Kinematic Signatures of Bulges Correlate with Bulge Morphologies and S\'ersic Index

TL;DR

This study links bulge kinematic signatures with their morphologies and Sersic index, confirming that kinematic diagnostics align with photometric classifications and revealing new counter-rotation cases.

Contribution

First demonstration that kinematic diagnostics of bulge types agree with Sersic index and morphology, including detection of counter-rotation in two galaxies.

Findings

Low Sersic bulges show higher rotational support and lower velocity dispersions.

Kinematic and photometric bulge classifications are consistent.

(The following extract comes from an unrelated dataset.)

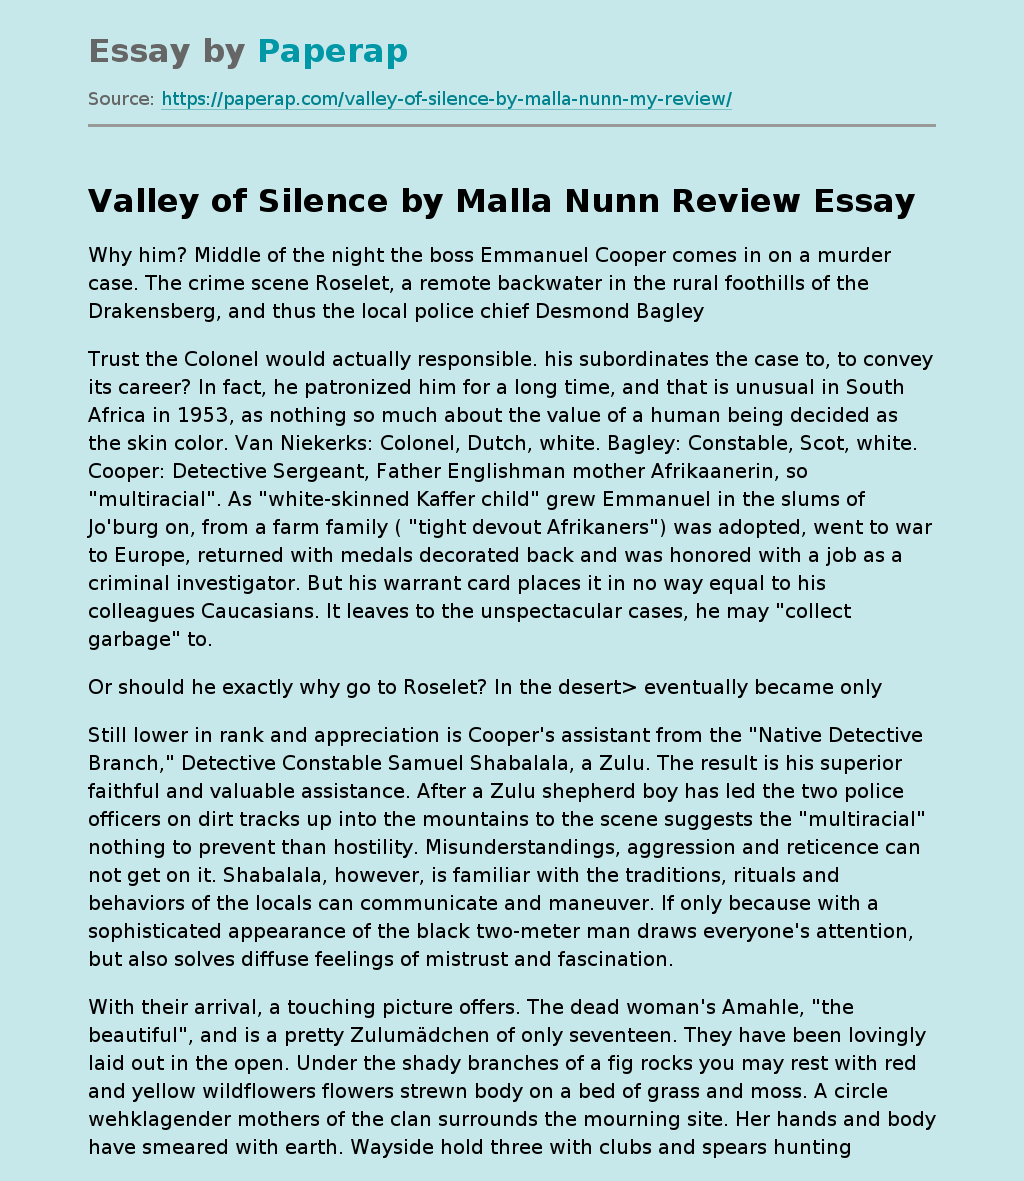 "Valley of Silence" by Malla Nunn
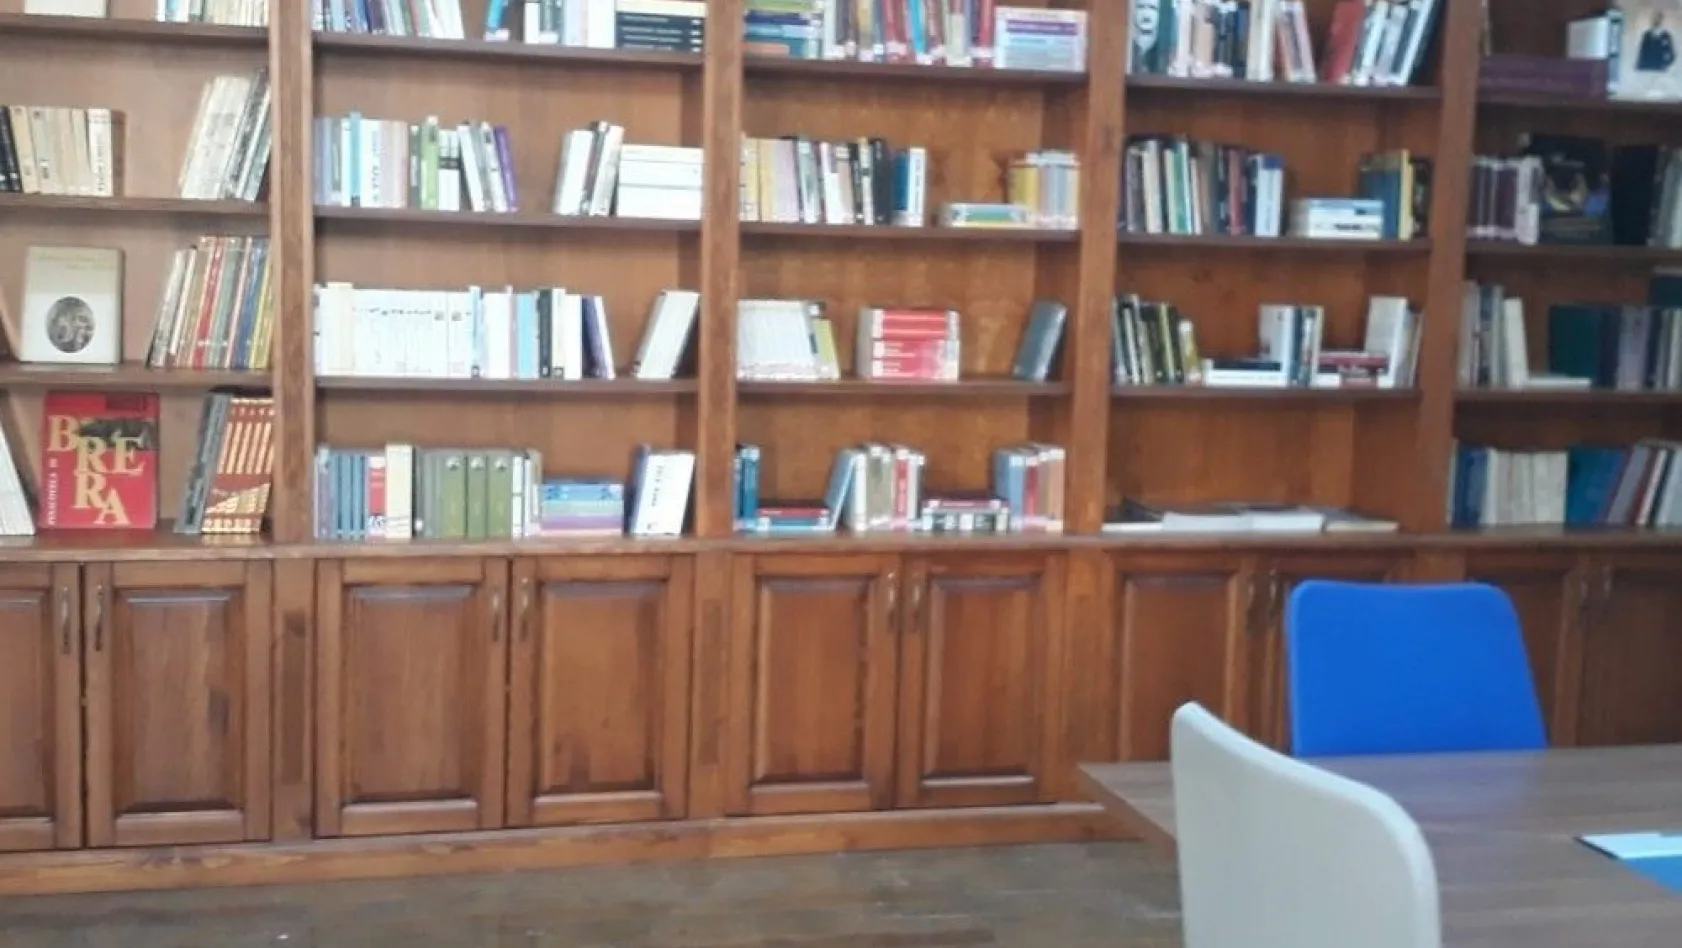 İlk Sanat ve Edebiyat Kütüphanesi Kongre Binası'nda hizmete açıldı

Counter-rotation detected in NGC 3945 and NGC 4736.

Abstract

We use the Marcario Low Resolution Spectrograph (LRS) at the Hobby-Eberly-Telescope (HET) to study the kinematics of pseudobulges and classical bulges in the nearby universe. We present major-axis rotational velocities, velocity dispersions, and h3 and h4 moments derived from high-resolution (sigma ~ 39 km/s) spectra for 45 S0 to Sc galaxies; for 27 of the galaxies we also present minor axis data. We combine our kinematics with bulge-to-disk decompositions. We demonstrate for the first time that purely kinematic diagnostics of the bulge dichotomy agree systematically with those based on S\'ersic index. Low S\'ersic index bulges have both increased rotational support (higher v/sigma values) and on average lower central velocity dispersions. Furthermore, we confirm that the same correlation also holds when visual morphologies are used to diagnose bulge type. The previously noted trend of photometrically flattened bulges to have shallower velocity dispersion profiles turns to be significant and systematic if the S\'ersic index is used to distinguish between pseudobulges and classical bulges. The correlation between h3 and v/sigma observed in elliptical galaxies is also observed in intermediate type galaxies, irrespective of bulge type. Finally, we present evidence for formerly undetected counter rotation in the two systems NGC 3945 and NGC 4736. Based on observations obtained with the Hobby-Eberly Telescope, which is a joint project of the University of Texas at Austin, the Pennsylvania State University, Stanford University, Ludwig-Maximilians-Universit\"at M\"unchen, and Georg-August-Universit\"at G\"ottingen.